Black Diamond Cirque 35 Pack — Review

Post by blogger | December 28, 2018      

This post sponsored by our publishing partner Cripple Creek Backcountry.

Cruising up the Cascadian Couloir last spring. Thanks to Nick Webb for the photo. Click all images to enlarge.

Cruising up the Cascadian Couloir last spring. Thanks to Nick Webb for the photo. Click all images to enlarge.

Since graduating college as an industrial designer, backpack projects have been a frequent part of my work. One overarching thing I’ve learned is that there is no perfect backpack. Everyone has their own taste; their own ideas.

So, how about my take? Simplicity sums it up. However, there are a few features that I can not live without.

When I first laid eyes on Black Diamond’s Cirque ski packs (and the related Blitz climbing packs), I was impressed. BD made a simple, light pack that retains a few key features, with more style than the typical lightweight sack style sack.

I took a new Cirque 35 pack down to New Zealand last fall, and have been using it intermittently ever since. I prefer using an airbag pack most winter days, but on lower hazard days I like carrying something lighter. I’ve been using the Cirque quite a bit in the spring and summer as well. It’s seen a fair amount of use and abuse.

Helmet holder.

Helmet holder.

The most important feature of the Cirque is its weight.

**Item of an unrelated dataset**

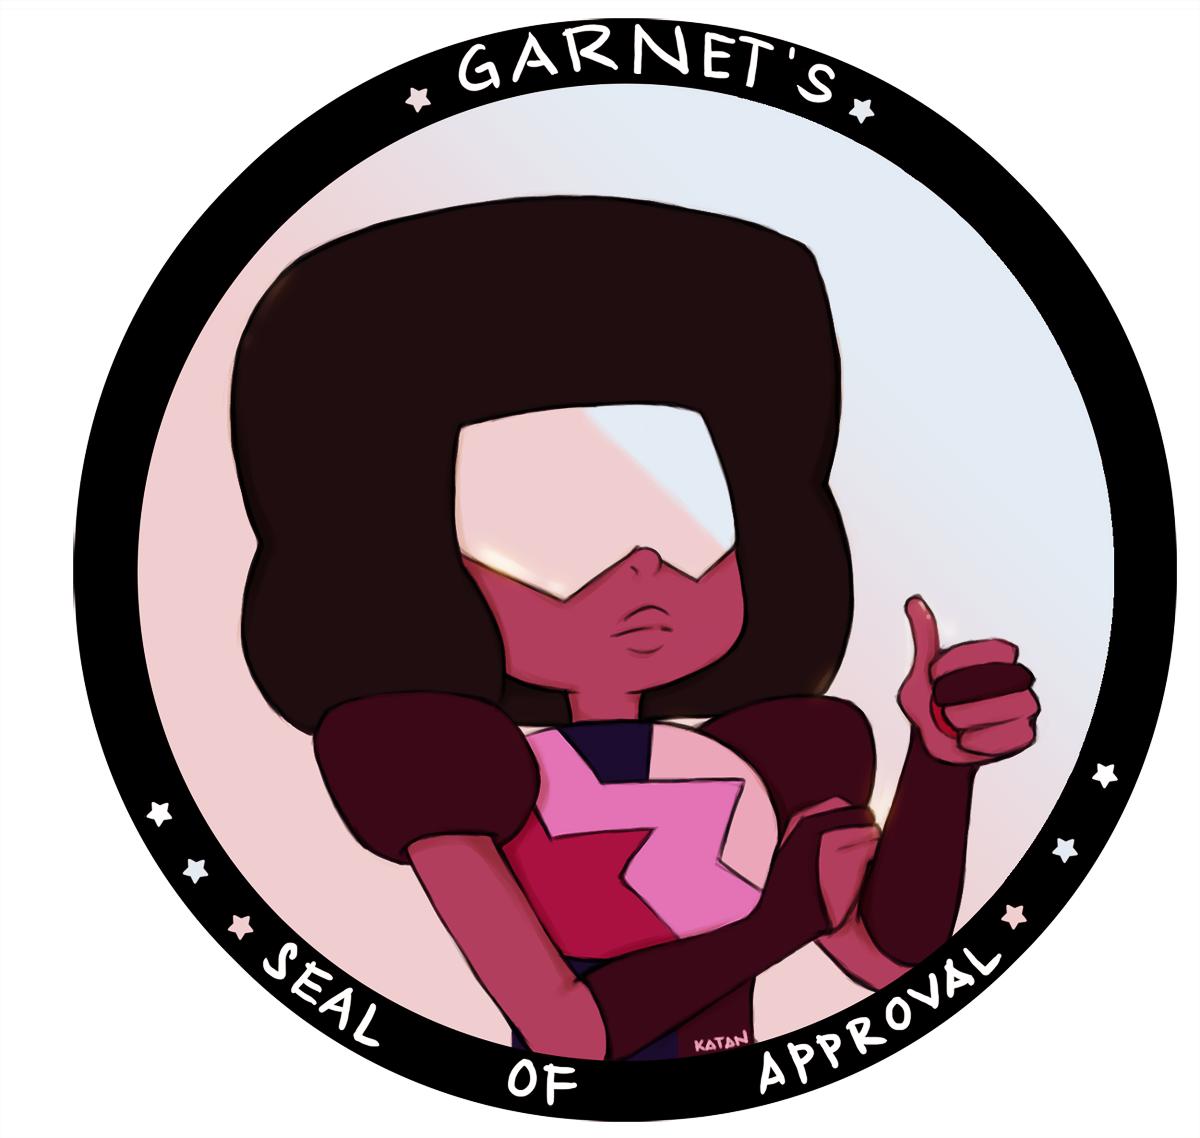 Garnet's Seal of Approval by Katantoon

We measured it at 2 lbs, 6.7 oz (1097 g), size medium, (BD’s claimed weight is 2 lbs 6 oz) Nice and light, enough said. Due to it’s light weight, the pack doesn’t have a “ton” of features, it’s obvious the design team at BD thought carefully about what to include with the pack. It is not an SUV, it’s a track car, stripped down, lightweight, what you need to go as fast as possible.

The helmet net stuffs into this hidden pocket when not in use.

The helmet net stuffs into this hidden pocket when not in use.

There are lighter packs out there. Many ski mountaineering racing packs are around a pound. A few things bump up the weight of the Cirque. For one, it has volume — 35 liters. BD does make a 30 liter version that is more stripped down that weighs 1 lb 11 oz (760 g). Also, the pack has moderately durable fabric compared to many ultralight packs. The fabric is not super burly, however I haven’t made any holes.

The pack has one large compartment, accessed by a top opening that’s a unique take on the classic drawstring closure. It’s easy to open and close, and more secure (and weatherproof) than a basic drawstring closure. There’s also a single strap you can hook to close everything up tighter. I rarely use the strap; the drawstring works on its own. The strap works well when the pack is full, or as a rope strap. Admittedly, the closed pack isn’t entirely snow or weather proof. On stormy days a small amount of snow can intrude into the top opening. Black Diamond sells a top lid for the pack, as an accessory, which I haven’t tried, but it could up the snow/rain resistance of the opening. Overall, the opening is a cool aspect of the pack. It is light, and super fast.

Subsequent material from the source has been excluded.